▶ **How to complete this task**:
In full and without alteration, write out the data below.

──────── Materials provided ────────

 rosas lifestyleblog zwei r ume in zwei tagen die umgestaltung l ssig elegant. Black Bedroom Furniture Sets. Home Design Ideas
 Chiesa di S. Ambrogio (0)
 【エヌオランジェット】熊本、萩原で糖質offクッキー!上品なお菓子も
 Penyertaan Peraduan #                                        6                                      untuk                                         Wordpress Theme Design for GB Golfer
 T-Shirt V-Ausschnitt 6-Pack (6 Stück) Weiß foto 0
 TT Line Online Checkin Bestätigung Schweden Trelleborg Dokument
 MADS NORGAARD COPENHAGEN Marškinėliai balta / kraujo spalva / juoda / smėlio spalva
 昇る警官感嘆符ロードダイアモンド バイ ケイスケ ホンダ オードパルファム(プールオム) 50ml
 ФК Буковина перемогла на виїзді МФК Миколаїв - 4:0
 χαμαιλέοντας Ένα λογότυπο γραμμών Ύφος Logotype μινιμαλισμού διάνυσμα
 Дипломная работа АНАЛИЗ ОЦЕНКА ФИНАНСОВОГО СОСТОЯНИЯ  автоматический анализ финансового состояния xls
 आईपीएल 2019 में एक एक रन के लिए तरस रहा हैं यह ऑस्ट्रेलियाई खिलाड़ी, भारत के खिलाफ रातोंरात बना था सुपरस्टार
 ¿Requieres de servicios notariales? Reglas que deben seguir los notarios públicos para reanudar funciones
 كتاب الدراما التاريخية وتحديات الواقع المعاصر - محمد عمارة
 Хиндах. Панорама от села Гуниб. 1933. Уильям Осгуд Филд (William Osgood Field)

────────

▶ **Result**:
 rosas lifestyleblog zwei r ume in zwei tagen die umgestaltung l ssig elegant. Black Bedroom Furniture Sets. Home Design Ideas
 Chiesa di S. Ambrogio (0)
 【エヌオランジェット】熊本、萩原で糖質offクッキー!上品なお菓子も
 Penyertaan Peraduan #                                        6                                      untuk                                         Wordpress Theme Design for GB Golfer
 T-Shirt V-Ausschnitt 6-Pack (6 Stück) Weiß foto 0
 TT Line Online Checkin Bestätigung Schweden Trelleborg Dokument
 MADS NORGAARD COPENHAGEN Marškinėliai balta / kraujo spalva / juoda / smėlio spalva
 昇る警官感嘆符ロードダイアモンド バイ ケイスケ ホンダ オードパルファム(プールオム) 50ml
 ФК Буковина перемогла на виїзді МФК Миколаїв - 4:0
 χαμαιλέοντας Ένα λογότυπο γραμμών Ύφος Logotype μινιμαλισμού διάνυσμα
 Дипломная работа АНАЛИЗ ОЦЕНКА ФИНАНСОВОГО СОСТОЯНИЯ  автоматический анализ финансового состояния xls
 आईपीएल 2019 में एक एक रन के लिए तरस रहा हैं यह ऑस्ट्रेलियाई खिलाड़ी, भारत के खिलाफ रातोंरात बना था सुपरस्टार
 ¿Requieres de servicios notariales? Reglas que deben seguir los notarios públicos para reanudar funciones
 كتاب الدراما التاريخية وتحديات الواقع المعاصر - محمد عمارة
 Хиндах. Панорама от села Гуниб. 1933. Уильям Осгуд Филд (William Osgood Field)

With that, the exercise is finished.